Sucrose is a nonvolatile, nonionizing solute in water. Determine the vapor pressure at `25^@"C"` of the `"1.5-m"` sucrose solution. Assume that the solution behaves ideally. The vapor pressure of pure water at `25^"C"` is `"23.8 torr"` ?

The idea here is that when you're dealing with a nonvolatile solute, you can calculate the vapor pressure of the solution by using the mole fraction of the solute and the vapor pressure of the pure solvent at the given temperature--think Raoult's Law here.

`color(blue)(ul(color(black)(P_"sol" = chi_"sucrose" * P_ ("H"_ 2"O")^@)))`

Here

• `P_"sol"` is the vapor pressure of the solution
• `chi_"sucrose"` is the mole fraction of sucrose
• `P_ ("H"_ 2"O")^@` is the vapor pressure of water at `25^@"C"`

Now, you know that your solution has a molality of `"1.5 m"`, which means that you get `1.5` moles of sucrose, the solute, for every `"1 kg"` of water, the solvent.

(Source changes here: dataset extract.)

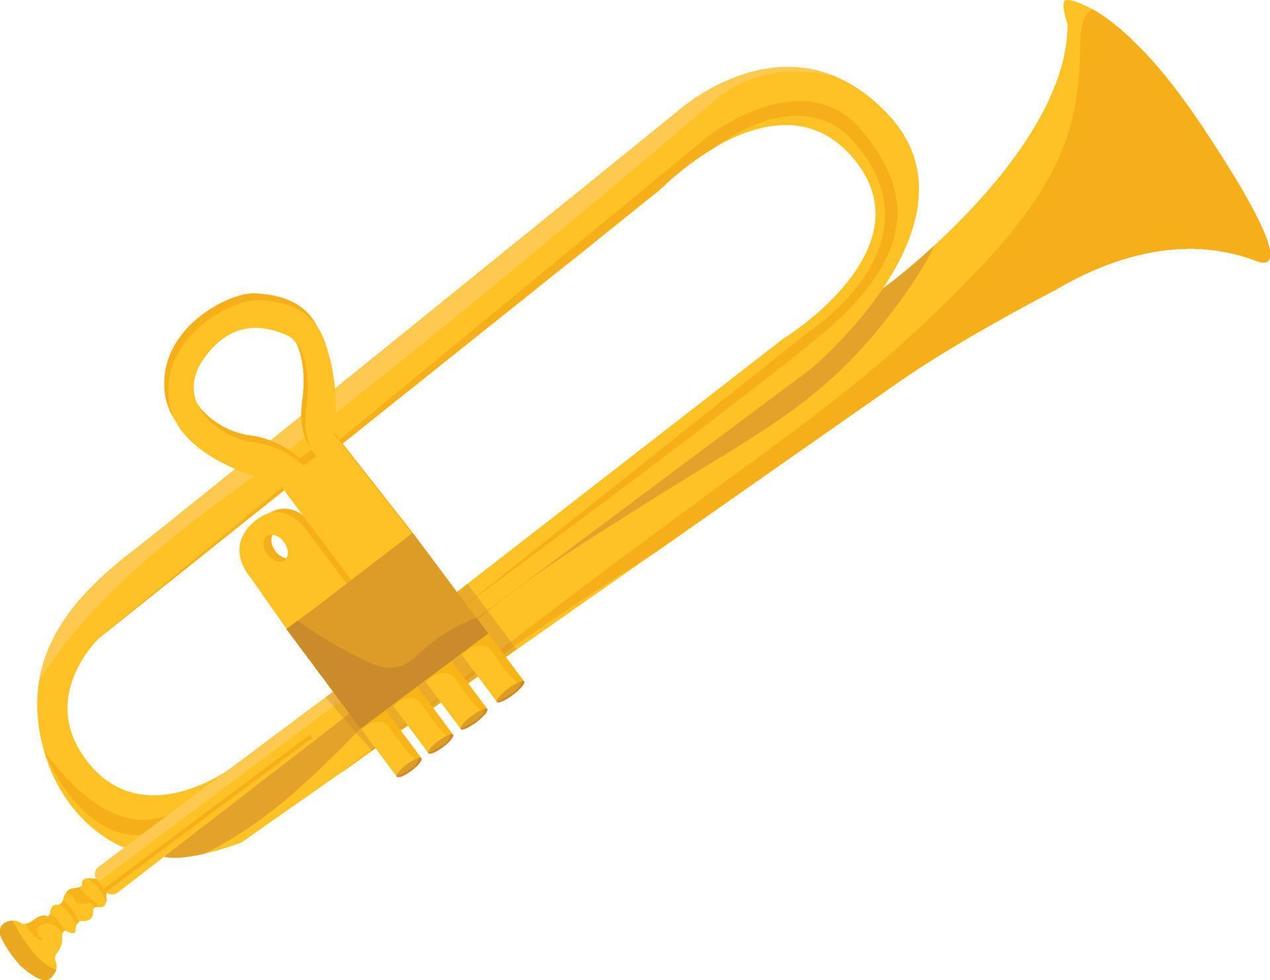 gyllene trumpet ,illustration, vektor på vit bakgrund.

To make the calculations easier, let's pick a sample of this solution that contains exactly `"1 kg"` of water. Consequently, this sample will also contain `1.5` moles of sucrose.

Use the molar mass of water to convert the mass of water, which is equal to `10^3` `"g"`, to moles

`10^3 color(red)(cancel(color(black)("g"))) * ("1 mole H"_2"O")/(18.015color(red)(cancel(color(black)("g")))) = "55.51 moles H"_2"O"`

The mole fraction of sucrose is calculated by dividing the number of moles of sucrose by the total number of moles present in the solution.

`chi_"sucrose" = (1.5 color(red)(cancel(color(black)("moles"))))/((1.5 + 55.51)color(red)(cancel(color(black)("moles")))) = 0.0263`

You can thus say that the vapor pressure of the solution will be equal to

`P_"sol" = 0.0263 * "23.8 torr" = color(darkgreen)(ul(color(black)("0.63 torr")))`

The answer is rounded to two sig figs, the number of sig figs you have for the molality of the solution.